Backed by top-tier investors and trusted by some of the world's largest organisations, the company helps enterprises unlock significant value by enabling more accurate, forward-looking decision-making.
You will work on novel technical challenges in large-scale model development and contribute to technology that is changing how major organisations operate. This is an opportunity to join a category-defining company at an early stage and help shape its trajectory.
Barcelona, Spain, Hybrid working
Competitive Salary + Equity + Benefits + Relocation Support if needed
Permanent Role
Key responsibilities
* Profile end-to-end distributed training runs to identify bottlenecks across compute, GPU memory, and inter-GPU communication.

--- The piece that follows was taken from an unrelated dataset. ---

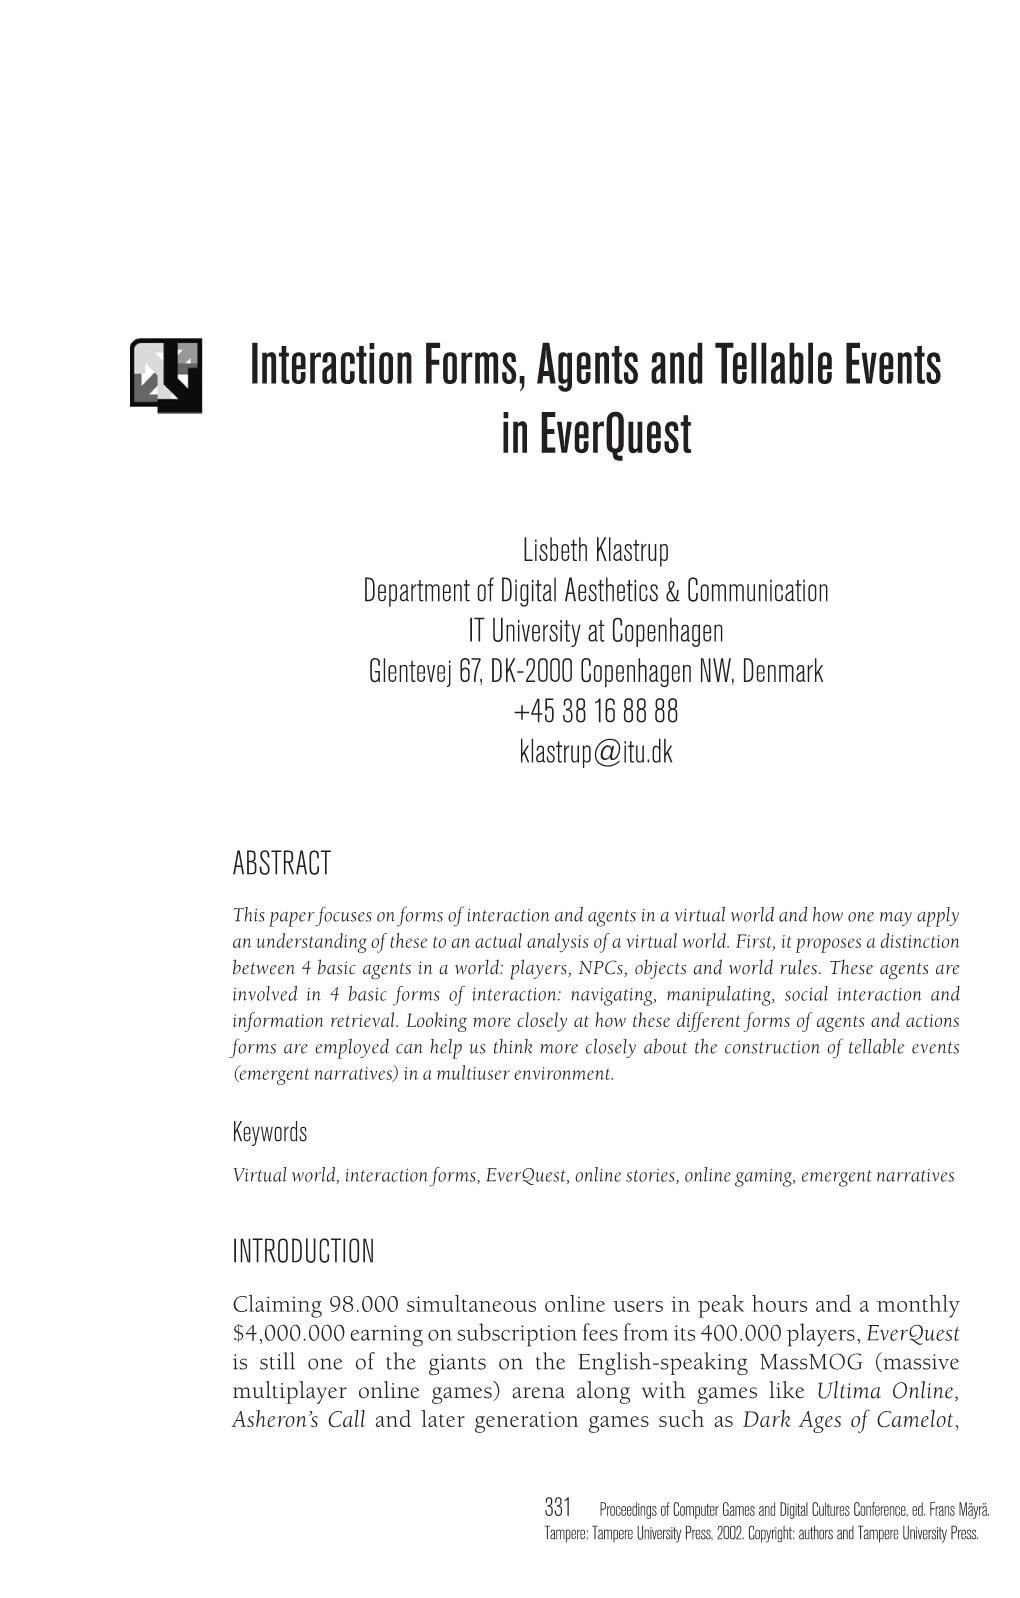 Interaction Forms, Agents and Tellable Events in Everquest

* Influence architectural decisions to improve efficiency and reliability of large-scale training jobs, including developing Triton/CUDA kernels when needed.
* Design and implement model scaling, parallelisation, and memory optimisation techniques for training workloads with very large context sizes.
* Collaborate closely with ML Researchers to diagnose architectural inefficiencies, ensure new research ideas scale efficiently in practice, and share internal knowledge on optimisation.
* Drive productionisation and serving of models from the research side, including improving inference efficiency via techniques such as quantisation.
Must have
* Strong understanding of modern ML architectures and large-scale training pipelines.
* Hands-on experience running distributed training jobs on multi-GPU systems.
* Advanced profiling and debugging across CPU, GPU, memory usage, latency, and inter-GPU communication.
* Strong programming skills in Python.
* Experience with model scaling and parallelisation strategies, including tensor and pipeline parallelism.
Highly Desirable
* Familiarity with NCCL, MPI, and distributed communication primitives.
* Knowledge of PyTorch and Triton internals.
* Programming experience with C++ and CUDA.
Benefits
* Competitive compensation with salary and equity and comprehensive benefits
* Relocation support for employees moving to join the team in an office location.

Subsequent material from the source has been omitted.